3ヵ月後、受診: 再び夜にゼイゼイするようになり、鼻水がダラダラと出やすくなりました。食欲は良好、便通は2日に1回。小青竜湯証と思われ小青竜湯エキス顆粒 3 gを朝、夜2回に分けて服用し、真武湯エキス顆粒 2.5 gを帰宅後、服用することにしました。ゼイゼイが約2週間後に消失し、疲れた時の咳も少なくなりました。

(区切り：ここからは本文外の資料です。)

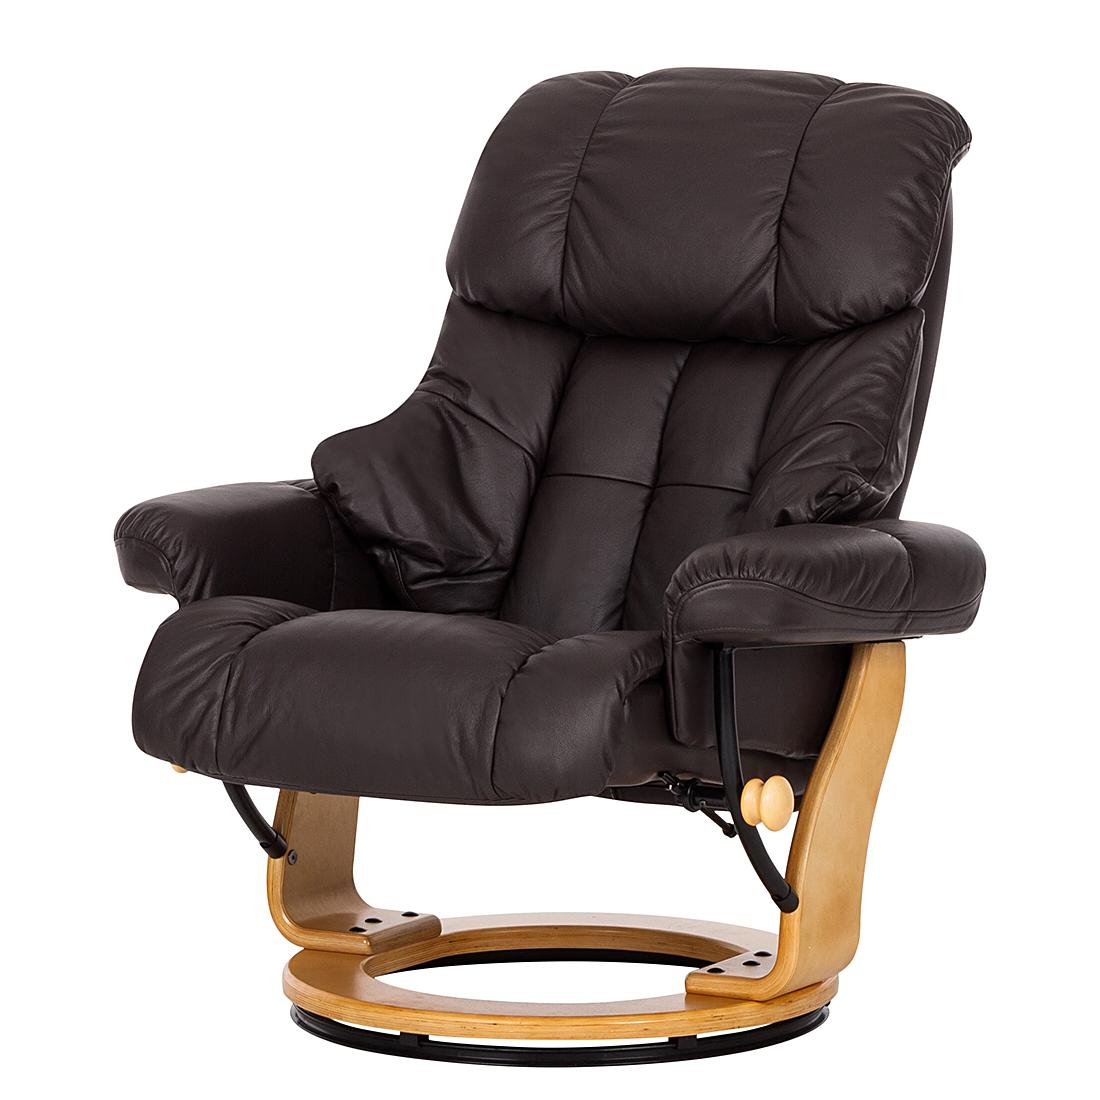 Echtleder-Relaxsessel Sessel Wohnzimmer 105x85x85cm Echtleder ...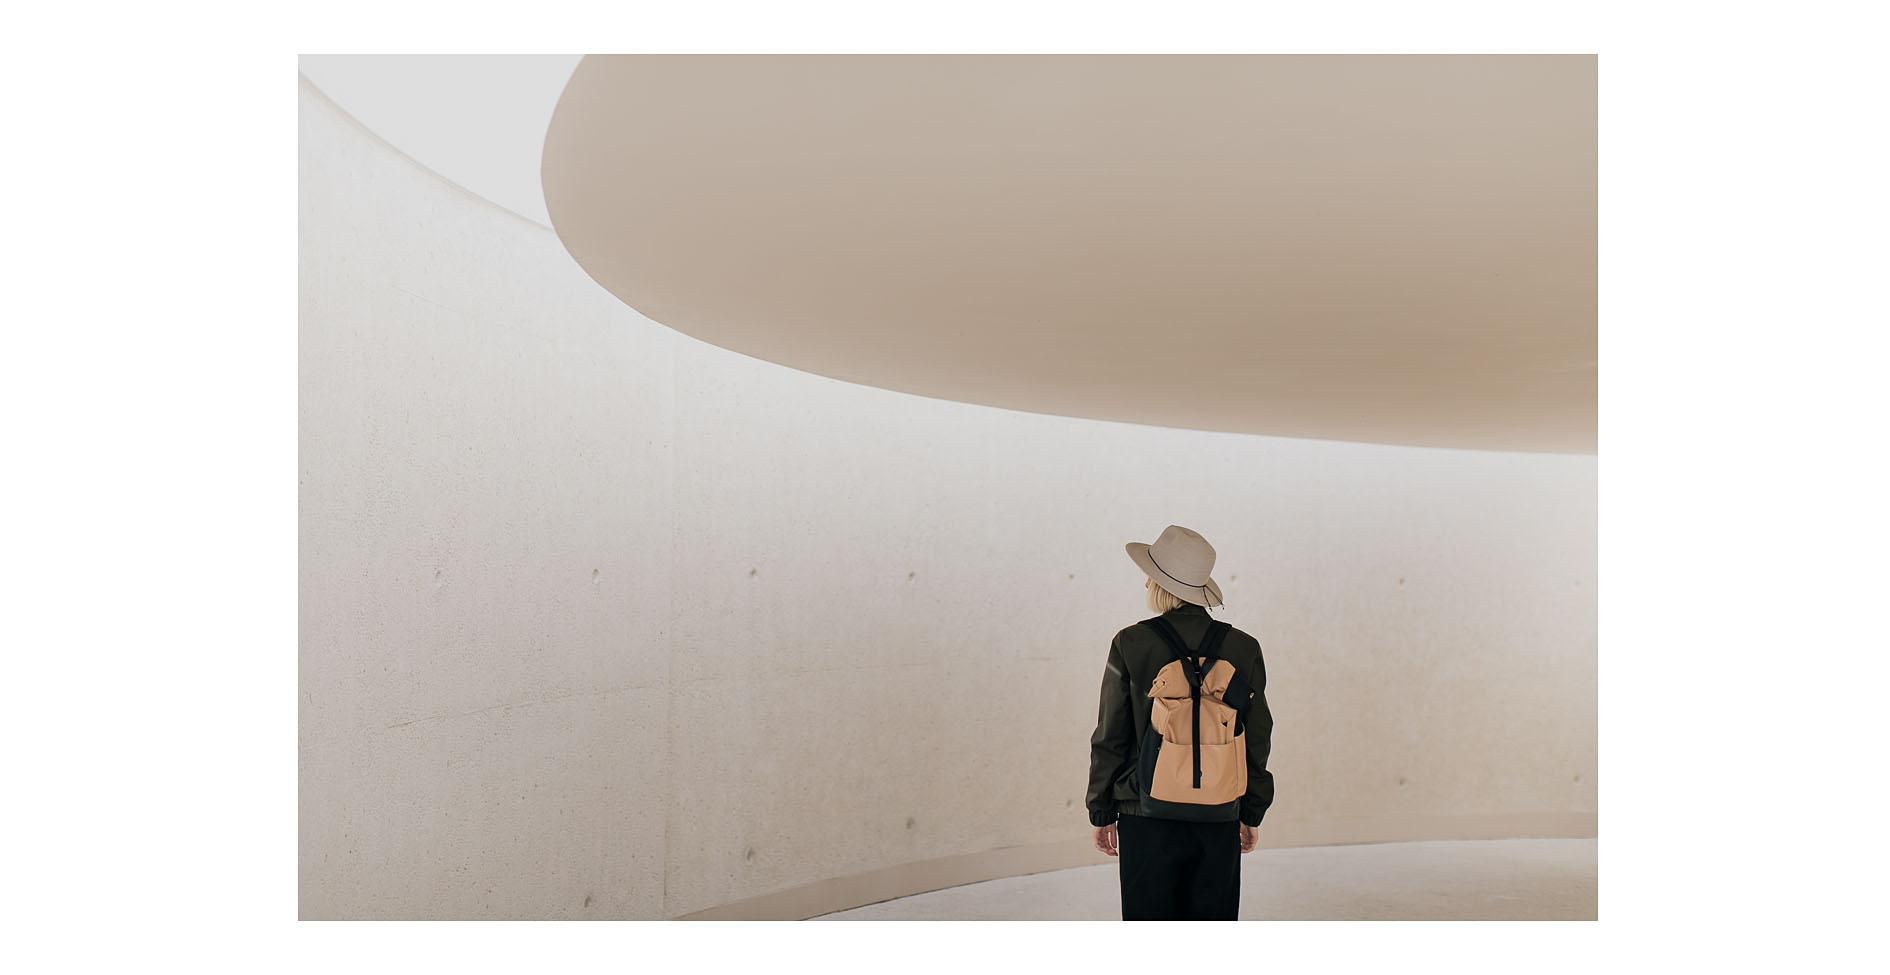 Kolekcja symetria. Kobieta z plecakiem _WIELBŁĄD I KRUK na plecach w kurtce _ Szuwary

6ヵ月後、受診: この頃より風邪をひいても喘息が全く出なくなり、咳も少なくなりました。例年のようにしもやけが出来るとのことで、裏を補い小児の体質改善効果の高い小建中湯エキス顆粒に変更することにし、小建中湯エキス顆粒 5 gを主として投与し、風邪をひいたときは以前のように真武湯エキス顆粒と小青竜湯エキス顆粒を服用することにしました。
この後、約2年経過を観察しましたが、喘息が出ることもアトピーが増悪することもありませんでした。
 
【解説】喘息に対する漢方薬としては,小青竜湯が一般的ですが,虚弱となった今日の日本人には小青竜湯は喘息発作を止めるには有効であっても,体質改善をして喘息が起きない身体にするためには真武湯や小建中湯などの生体の防御機能を高める処方の適切な併用が必要なことが多いのです。そうすることによってアトピーからも解放され,文字通り漢方で体質改善ができたときには,なんともうれしいものです。